The U.S. Securities and Exchange Commission is keeping a close eye on stock tokens and may bring more cases against companies that issue them, SEC Chairman told the virtual attendees of the American Bar Association’s mid-year program.

SEC Chairman Gary Gensler

“I’d briefly like to discuss the intersection of security-based swaps and financial technology, including with respect to crypto assets. There are initiatives by a number of platforms to offer crypto tokens or other products that are priced off of the value of securities and operate like derivatives,” Gary Gensler says.

“Make no mistake: It doesn’t matter whether it’s a stock token, a stable value token backed by securities, or any other virtual product that provides synthetic exposure to underlying securities. These platforms — whether in the decentralized or centralized finance space — are implicated by the securities laws and must work within our securities regime,” he added.

“We’ve brought some cases involving retail offerings of security-based swaps; unfortunately, there may be more,” the SEC chairman said.

Stock tokens are tokens that closely track the performance of traditional financial securities, particularly shares of publicly traded companies.
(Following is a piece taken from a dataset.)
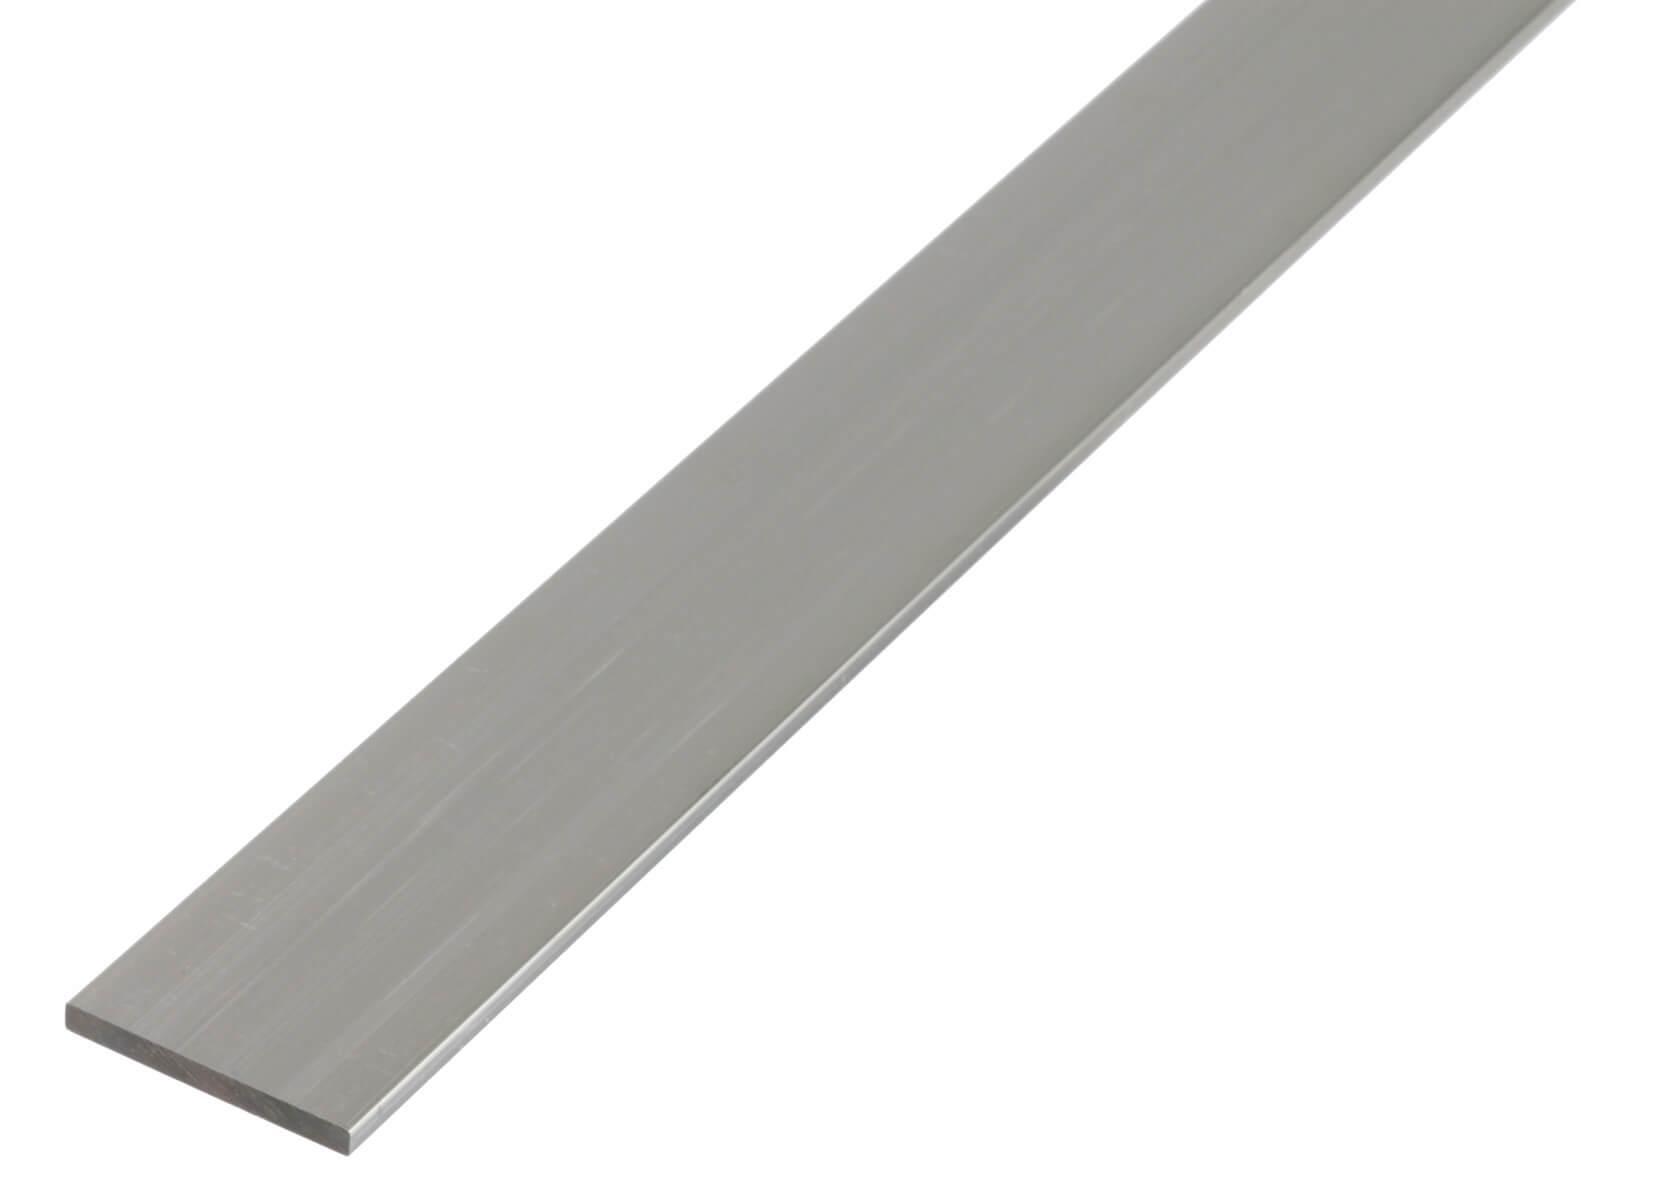 GAH-Alberts 469375 Flachstange natur Aluminium 1000 x 15 x 2 mm

Stock tokens are delta-one products that are backed by physical shares. This means for a given instantaneous move in the price of the underlying asset there is expected to be an identical move in the price of the derivative.

As AZCoin News reported on July 16, Binance will be winding down support for stock tokens on Binance.com to shift its commercial focus to other product offerings, the exchange will no longer support any stock tokens after 2021-10-14 19:55 (UTC).